On the other hand, for many people poetry is something they once had to do in school and are now happy to leave behind. I have encountered numerous people who think poetry is just plain too hard. The thought of reading a poem touches an old fear, a memory of a looming test in high school or college and the confusion that ensued as to how these words were supposed to work. Many people see poems as complicated locks with a key that was always kept hidden from them. They want to know what a poem means, damn it, and they can’t understand why poets package a seemingly simple message in such strange and convoluted ways.

The possibility of being moved by a poem, or delighting in it, has too often been lost. The taste of a poem, the sound of it, the good challenge of a good poem getting stuck in our hearts or jarring our minds, the thrill of an incredible lyric, the beat of a well-placed pause, the possibility that a poem might change the way we think—these things have been set aside, or simply never tried, since so many people seldom read a poem or a buy a book of poetry.

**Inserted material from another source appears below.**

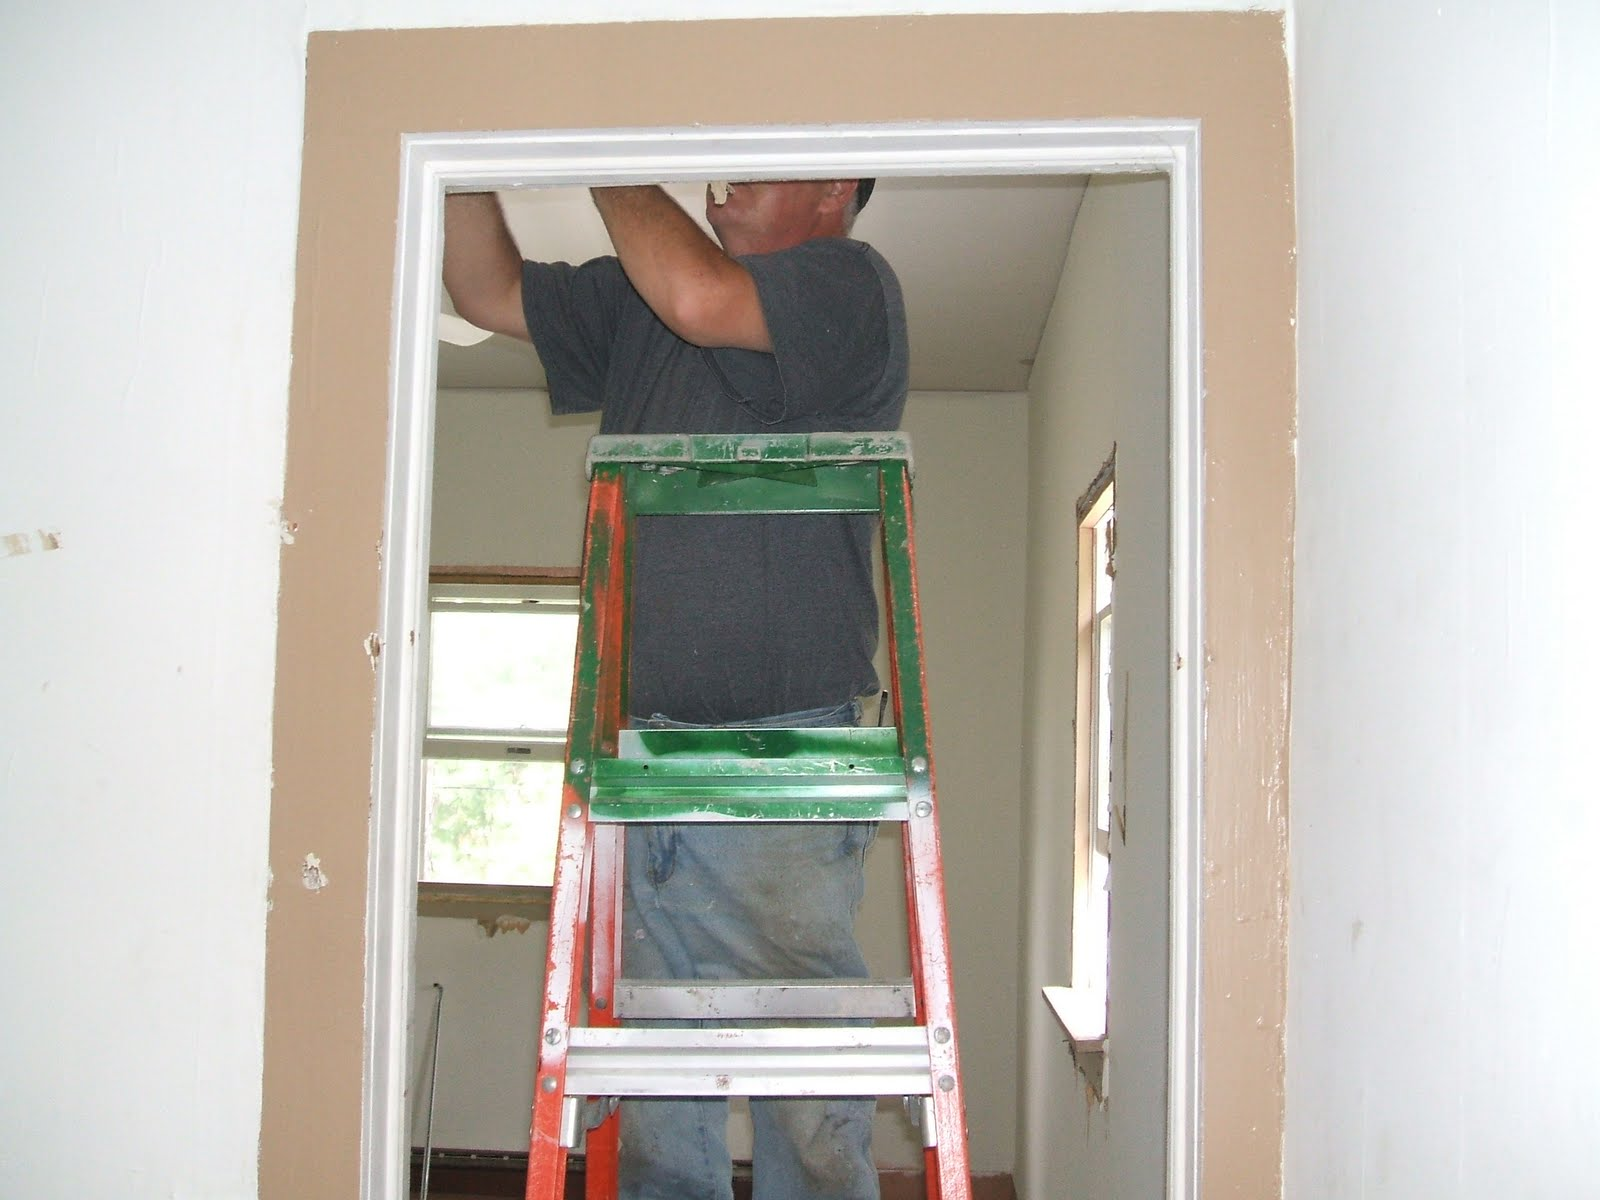 http://1.bp.blogspot.com/_kTkXC42XQPk/TIjf7-BrzaI/AAAAAAAAAq0/S6_YdxhgUSA/s1600/Home+Remodeling+Project++-+Spare+Room+Wallpaper+Remove+Trim.JPG

For those who have not read poetry since the last time they were forced to do so, I have good news: there are no more tests. Poetry is not a lock with a hidden message trapped inside. Instead, I would argue, it is a way of being moved and attempting to move others in turn. Poetry begins not just with meaning, but with music. We are drawn to the sound of it, and the sound draws us into a way of thinking, a perspective, an insight we could not have gained otherwise. We don’t open poems; poems open us.

When a poem does find us, then, it may be nothing more than the pace that causes us to pause, or a phrase that catches our attention, or a feeling that gives us the sense of something important being said—even if we don’t know yet what it is. Whatever it is that causes us to pause or pay attention, it’s then that we begin to ask how this poem created that reaction in us, and why, and what it might be asking in return. What challenge does this poem pose to what I always thought I knew? Or how does the poem put into words what I’ve long felt or known but never been able to say?

“We don’t open poems; poems open us.”

Sometimes all it takes is a little teaching to get the taste. That bit of teaching is what a new podcast called Poetry For All aims to achieve. In this podcast, which I co-host with Joanne Diaz, a poet and English professor at Illinois Wesleyan University, we introduce a great poem each week and why we love it. In fifteen minutes, we read the poem, discuss it, learn how it works, see what it has to teach us, then read it one more time.

We open with Seamus Heaney’s poem “Digging.” It’s a poem that meditates on the point, purpose, and possibilities of poetry itself. In particular, it considers the place of a pen in a family that has long known only a spade. We have future episodes lined up on Emily Dickinson, Phillis Wheatley, William Shakespeare, John Donne, Claude McKay, and many more. We were galvanized to do this podcast by our own experience learning and teaching poetry. “Whenever I teach,” Joanne says, “I always speak to the person I was when I was 18: a first-generation college student who nearly failed freshman composition and had no sense of how to analyze and discuss poems. Many of my students are hesitant about poetry, or dislike it altogether, but I want them to feel like poems are for them, no matter what their background or experience might be.”

At Poetry For All, we are trying to reach not just those who love poetry, but those who feel hesitant about it, even those who dislike it altogether. One by one, we are finding our way into great poems, hoping that along the way we can bring you into them as well. Poetry is not reserved for those with a special interest and talent in the literary arts. Poetry is for us all.